Nearest neighbor prediction based on a list of marker genes
Author: Yujin Hoshida (Broad Institute)
Contact:
gp-help@broadinstitute.org
Algorithm Version:
Summary
This module performs class prediction using a predefined list of marker genes for multiple (≥2) classes [1,2]. Such marker genes are usually selected based on fold change, t-statistic, correlation coefficient, regression coefficient, etc. These numerical values indicate the relative importance of each gene in the list and often help improve accuracy of the class prediction. The module can take such values as “weight” for 2-class prediction (optional). As measures of significance of the prediction for each sample, the module computes nominal p-value, false discovery rate (FDR) [3], and Bonferroni-corrected p-value based on a random resampling-based test.
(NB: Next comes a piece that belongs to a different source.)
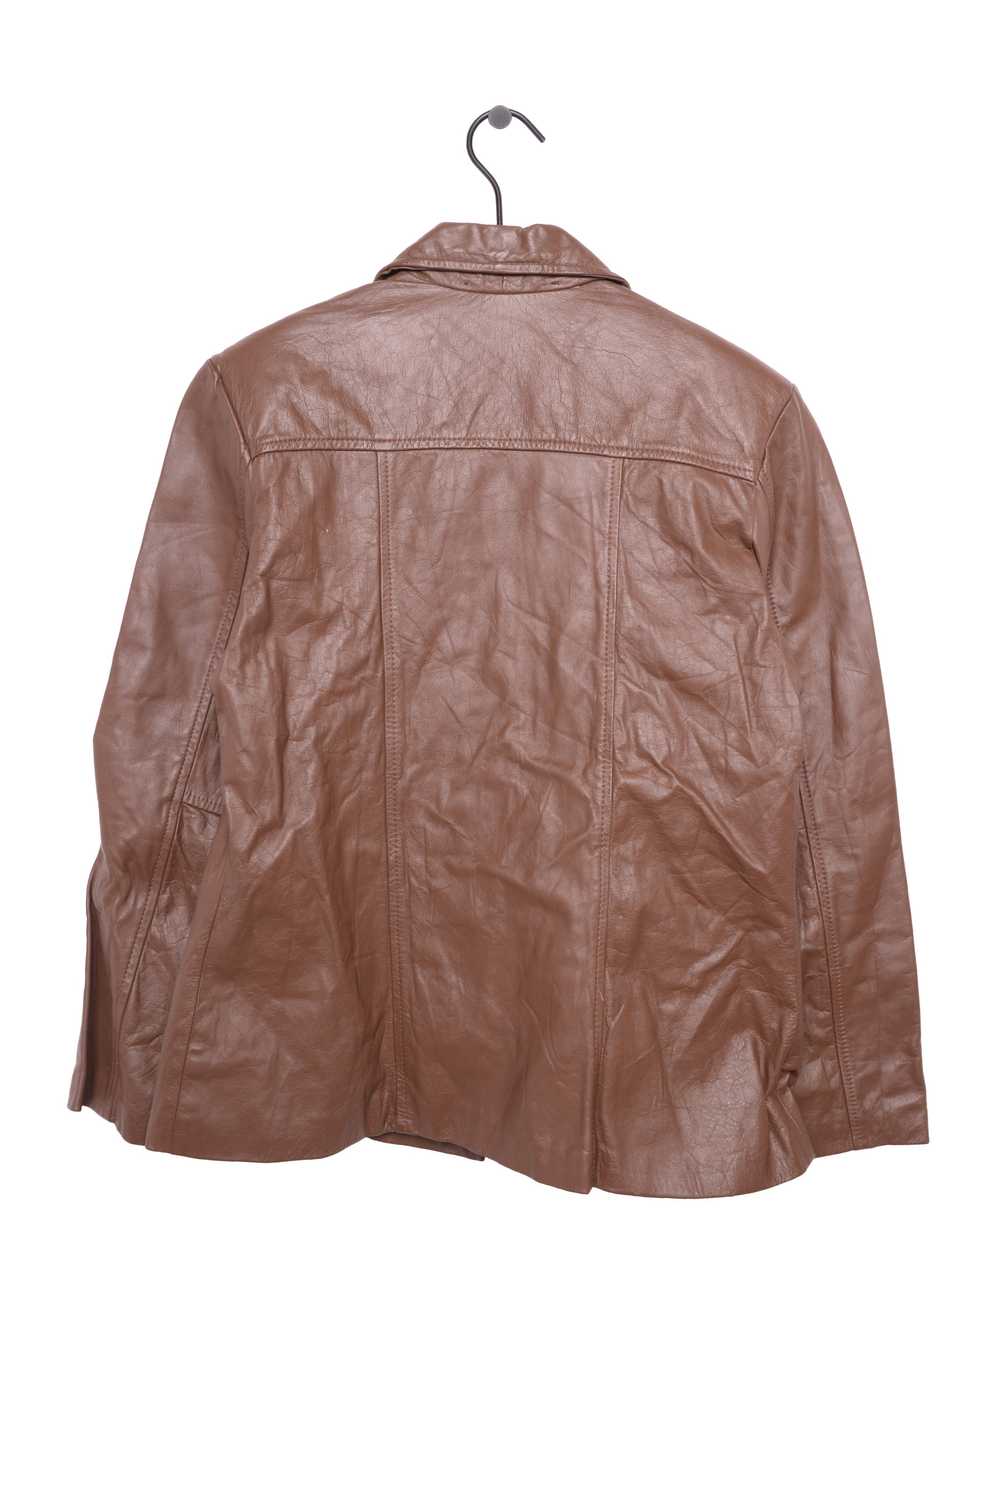 1970s Caramel Leather Jacket - image 3
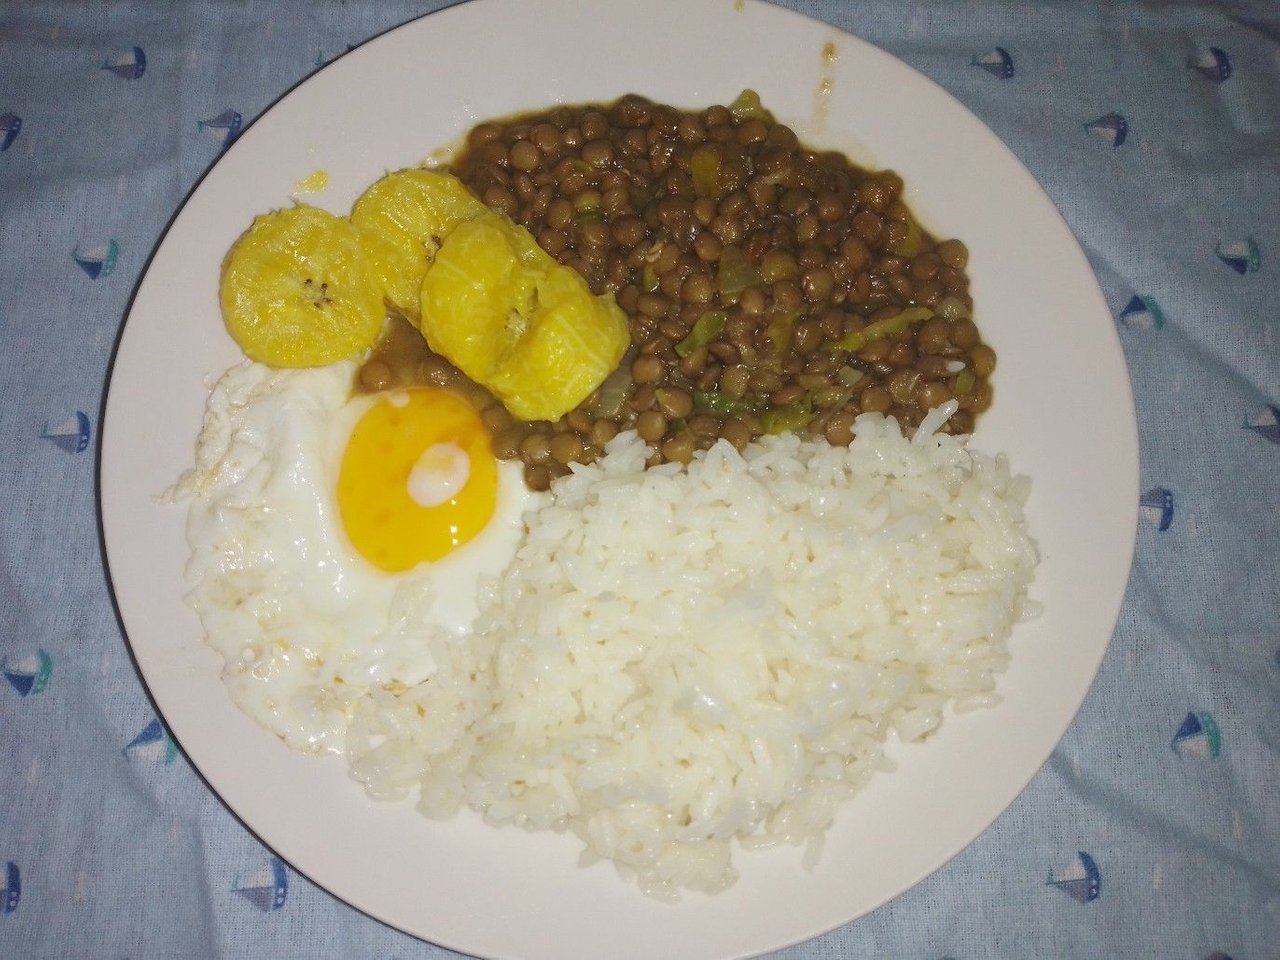 ESP - ENG] Mi delicioso y sencillo amuerzo de hoy: arroz, con lentejas  guisadas, huevo frito y plátano maduro sancochado! | PeakD

Graphic output, including a heatmap of the marker genes, is generated if the users’ graphic device supports “png”. Alternatively, users can run the HeatMapViewer module to generate a heatmap of the marker genes based on the .gct and .cls files output by the NearestTemplatePrediction module.
References
- Hoshida Y, et al. Gene Expression in Fixed Tissues and Outcome in Hepatocellular Carcinoma. N Engl J Med 2008; 359(19):1995-2004.
- Xu L, et al. Gene Expression Changes in an Animal Melanoma Model Correlate with Aggressiveness of Human Melanoma Metastases. Molecular Cancer Research 2008;6:760-769.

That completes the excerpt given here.